[THE DATA]:
****
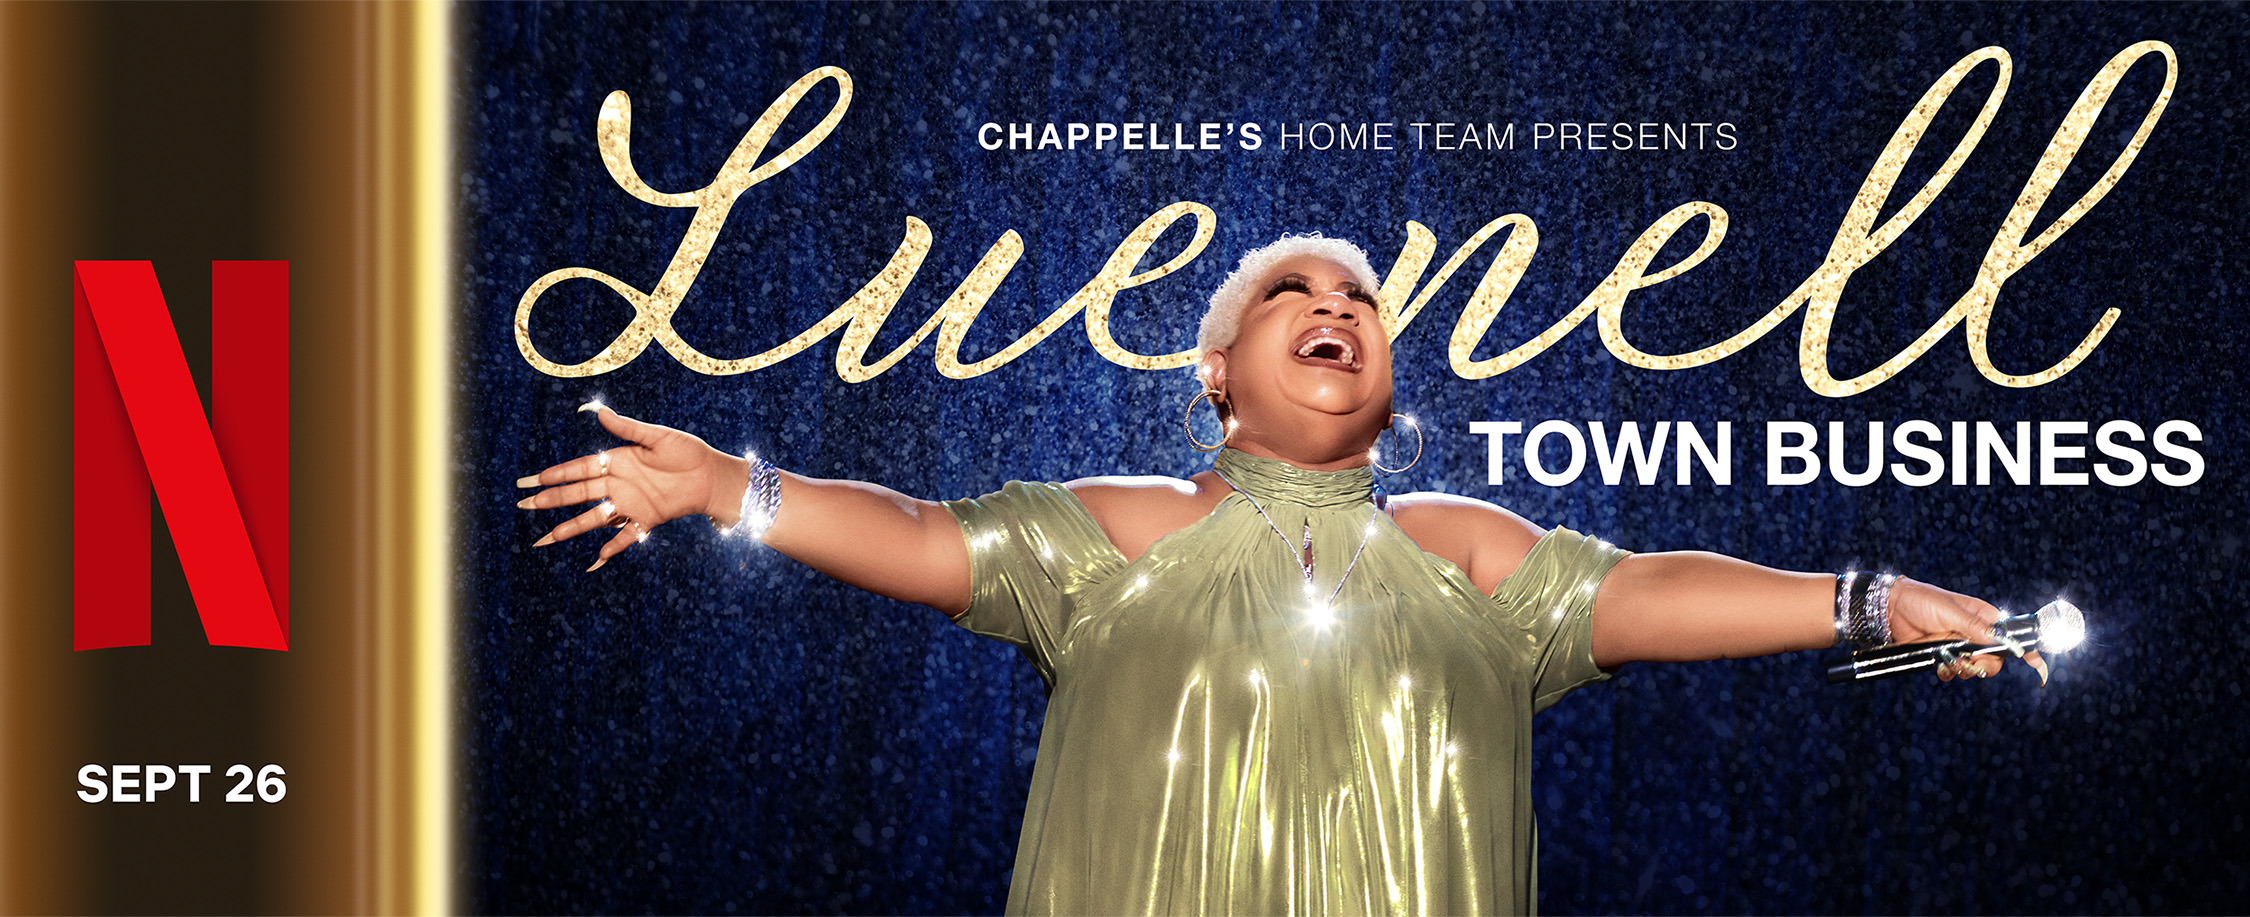 Mega Sized TV Poster Image for Luenell: Town Business 
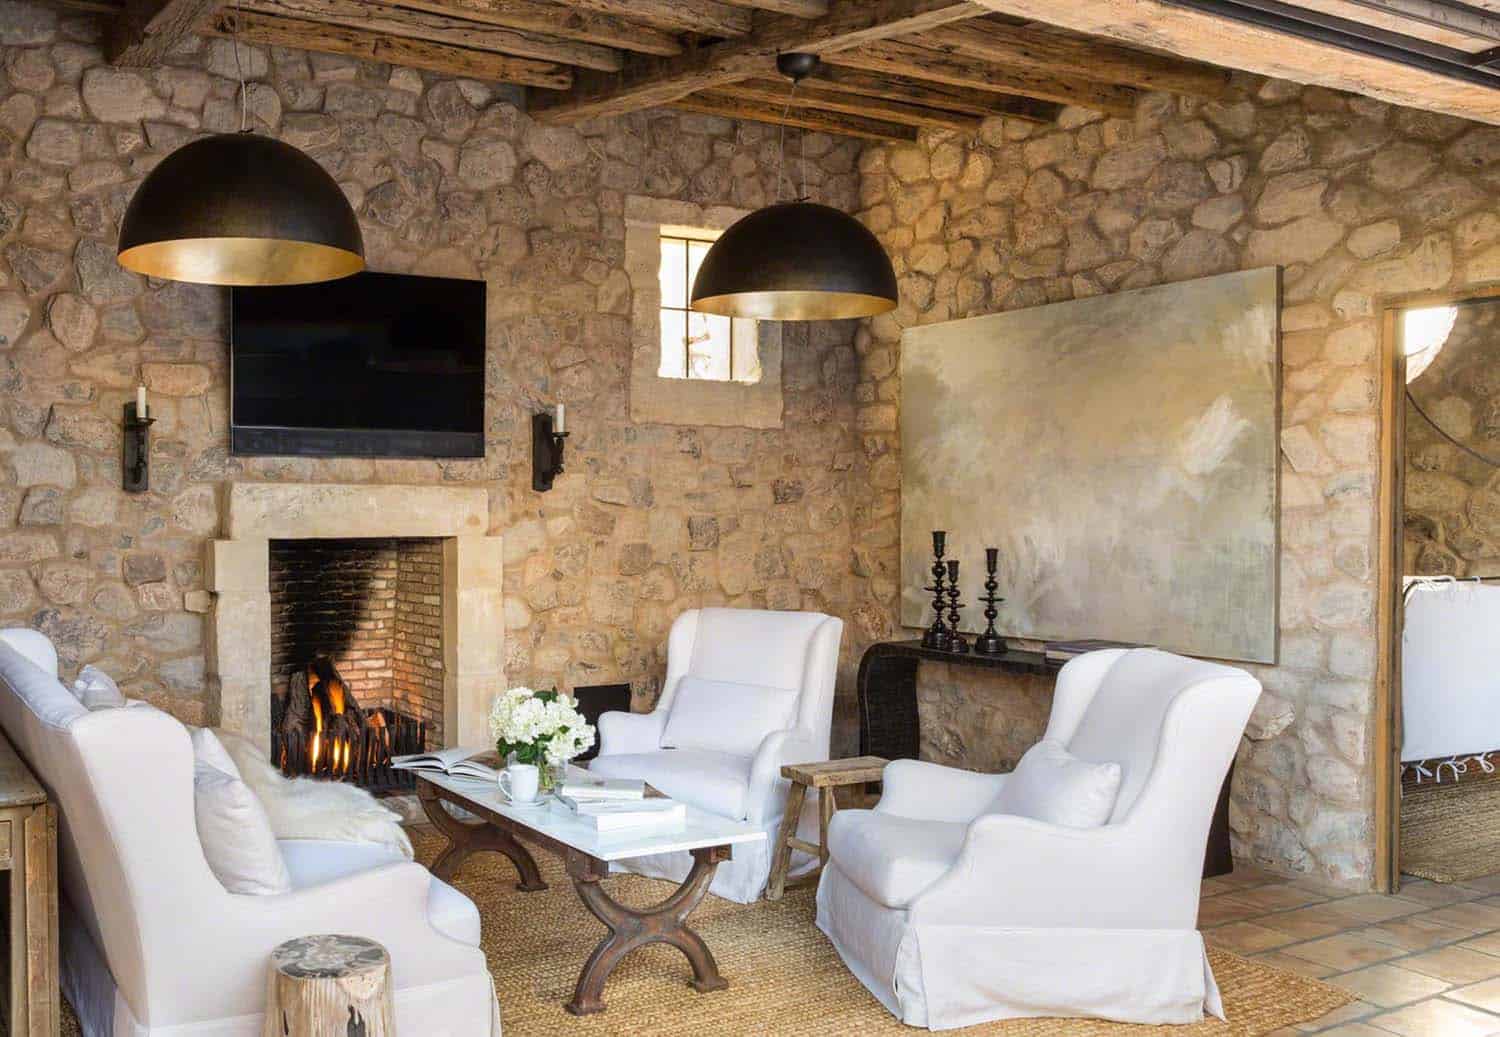 Rustic Mediterranean Style Dream Home-OZ Architects-15-1 Kindesign
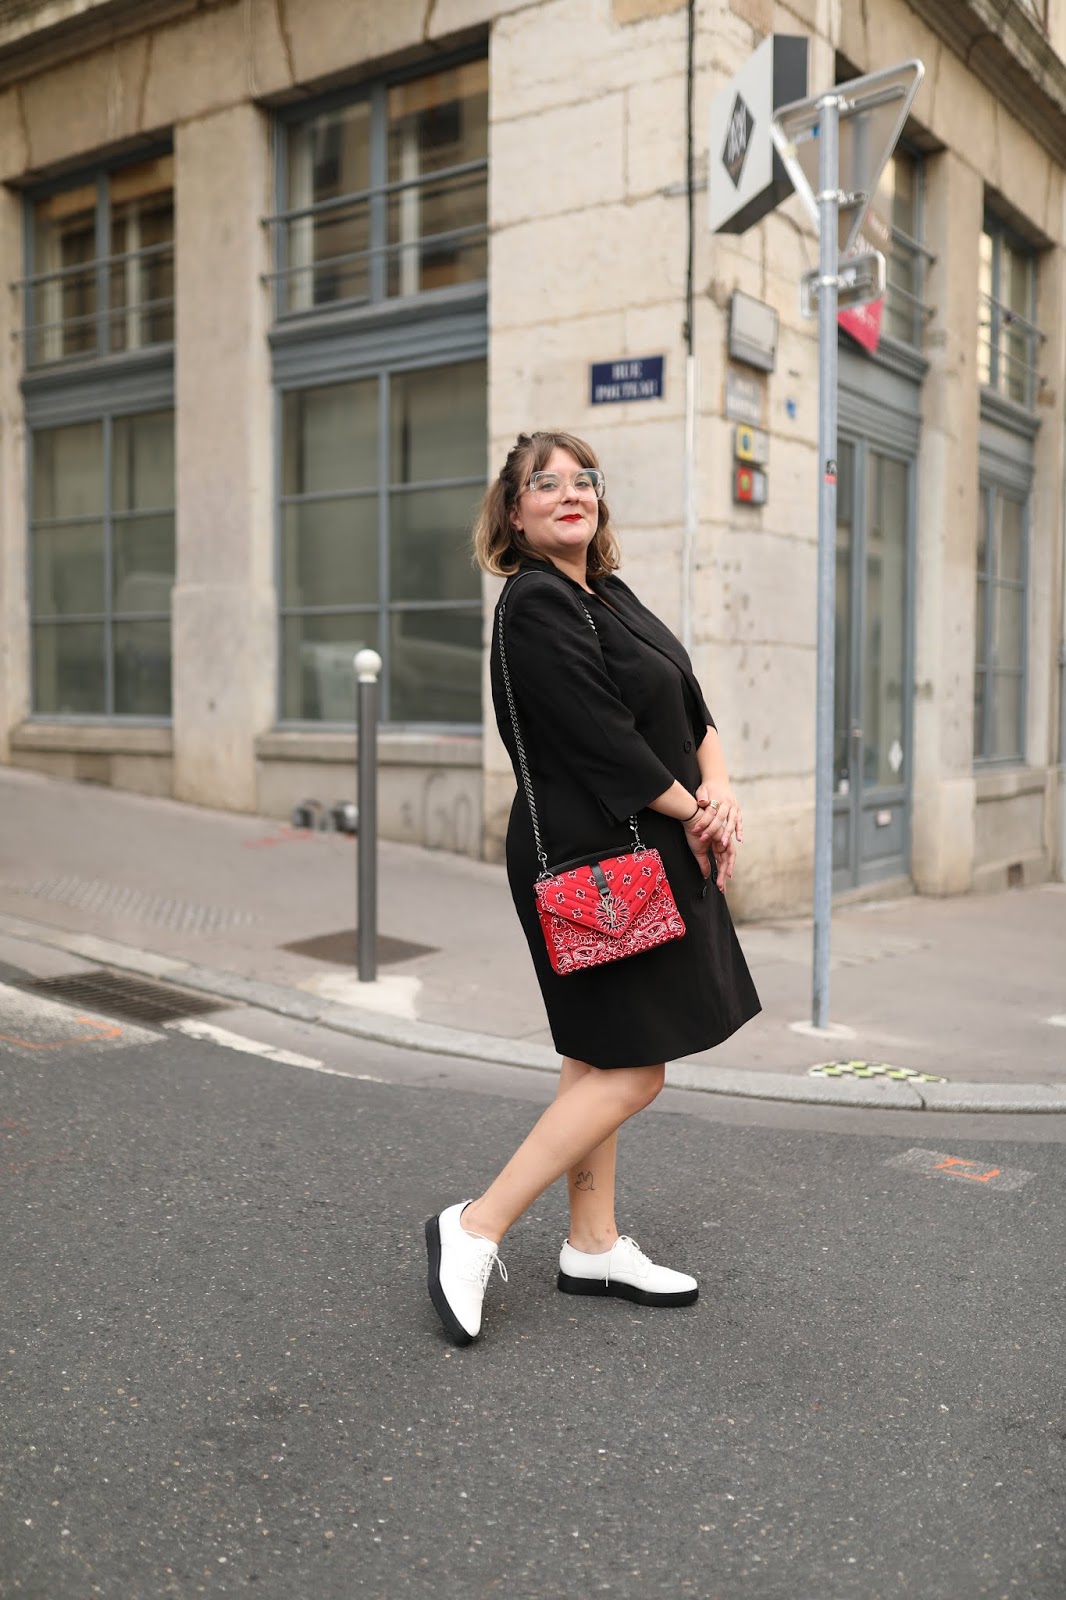 grande taille, blog, plus size, french blogger, lyon, mode, fashion, plus fashion, outfit, grande taille, mode, Lyon, look, plus size, bodypositive, french blogger, curves, loveyourself curvy gang
****
[WHAT IS REQUIRED]: Reproduce each line above exactly, but not a single picture.

[TASK ANSWER]:
 Mega Sized TV Poster Image for Luenell: Town Business 
 Rustic Mediterranean Style Dream Home-OZ Architects-15-1 Kindesign
 grande taille, blog, plus size, french blogger, lyon, mode, fashion, plus fashion, outfit, grande taille, mode, Lyon, look, plus size, bodypositive, french blogger, curves, loveyourself curvy gang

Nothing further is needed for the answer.